You can't, at least not without a scheme that uses spin locks which are at
least as bad as disabling interrupts.  See Herlihy's article on "Wait-free
Synchronization" in the January TOPLAS.  It turns out that CAS is
fundamentally more powerful than most other synchronization primitives.

-- 
John R. Levine, IECC, POB 349, Cambridge MA 02238, +1 617 492 3869
johnl@iecc.cambridge.ma.us, {ima|spdcc|world}!iecc!johnl
Cheap oil is an oxymoron.

kenton@abyss.zk3.dec.com (Jeff Kenton OSG/UEG) (05/06/91)

In article <1991May2.201917.15062@dg-rtp.dg.com>,
hamilton@siberia.rtp.dg.com (Eric Hamilton) writes:
|> In article <1991Apr22.175410.9840@decvax.dec.com>,
kenton@abyss.zk3.dec.com (Jeff Kenton OSG/UEG) writes:
|> |> 
|> |> The 88K has xmem, not test and set, which is guaranteed to be an atomic
|> |> operation (the bus is locked between the read and write cycles).  This
|> |> can be used to create locks or compare and swap without disabling
itnerrupts.
|> |> 
|> Now I'm curious.  How does one fabricate compare-and-swap out of xmem
|> without disabling interrupts?  Xmem has essentially the same restriction as
|> test-and-set, which is that the stored value must be a constant
independent of
|> the loaded value.
|> 

Once you've created a lock (with xmem) you can do almost anything within the
locked region of code without disabling interrupts.

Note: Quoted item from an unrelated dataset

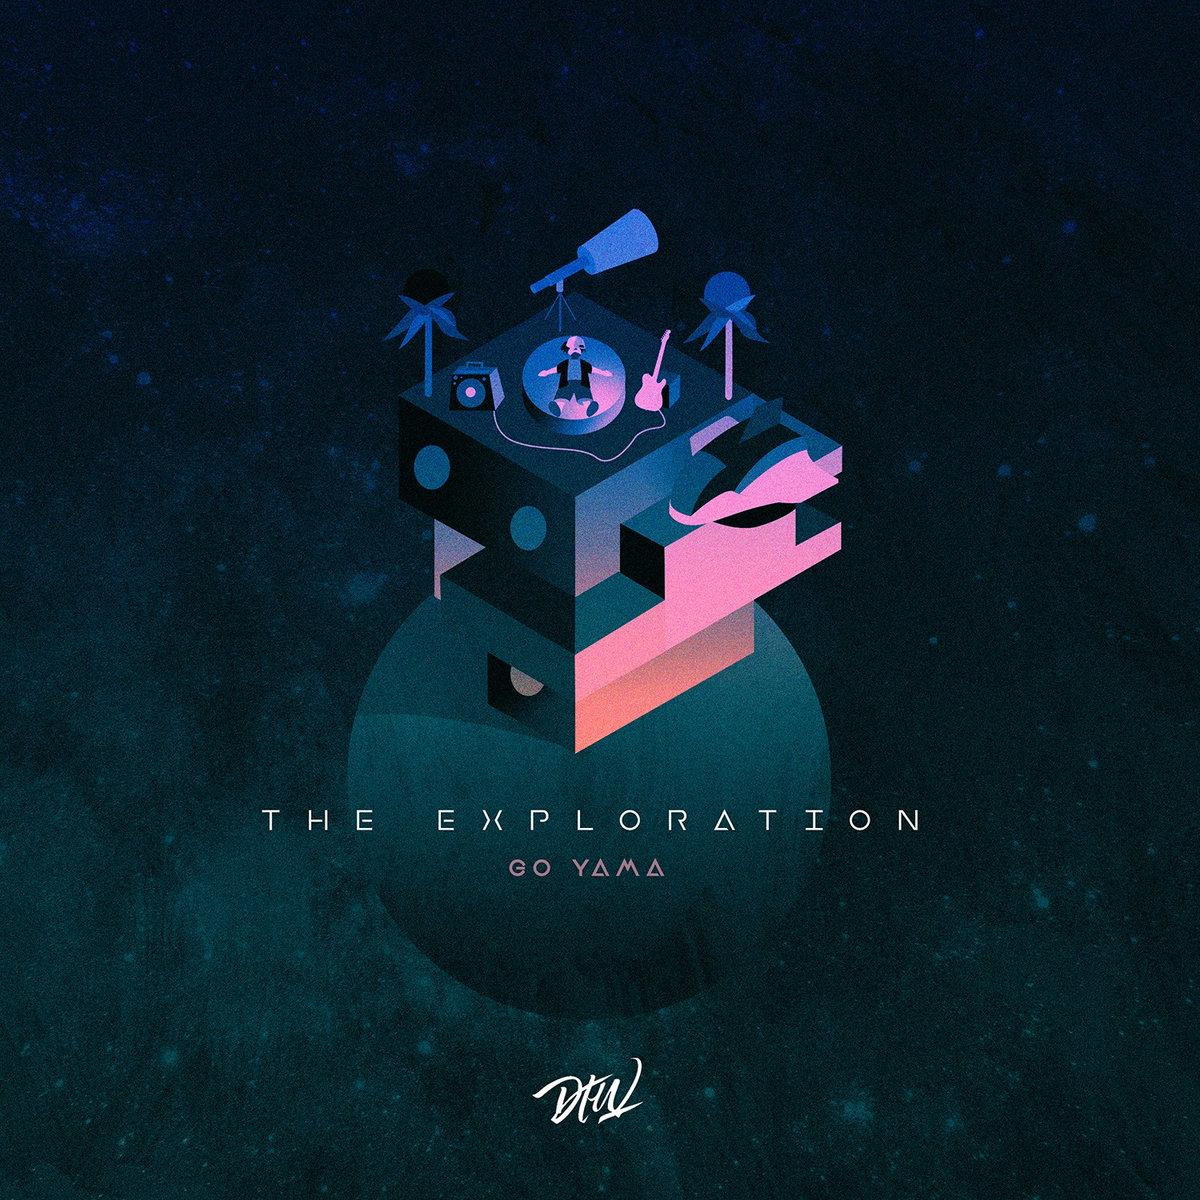 Go Yama - The Exploration

-----------------------------------------------------------------------------
==	jeff kenton		Consulting at kenton@decvax.dec.com        ==
==	(617) 894-4508			(603) 881-0011			   ==
-----------------------------------------------------------------------------

jthomas@nmsu.edu (James Thomas) (05/13/91)

In article <1991May6.113149.14531@decvax.dec.com> kenton@abyss.zk3.dec.com (Jeff Kenton OSG/UEG) writes:

jk> Once you've created a lock (with xmem) you can do almost anything
jk> within the locked region of code without disabling interrupts.

Once I've created a lock with Dekker's algorithm, I can do anything :-)

Jim

glew@pdx007.intel.com (Andy Glew) (05/13/91)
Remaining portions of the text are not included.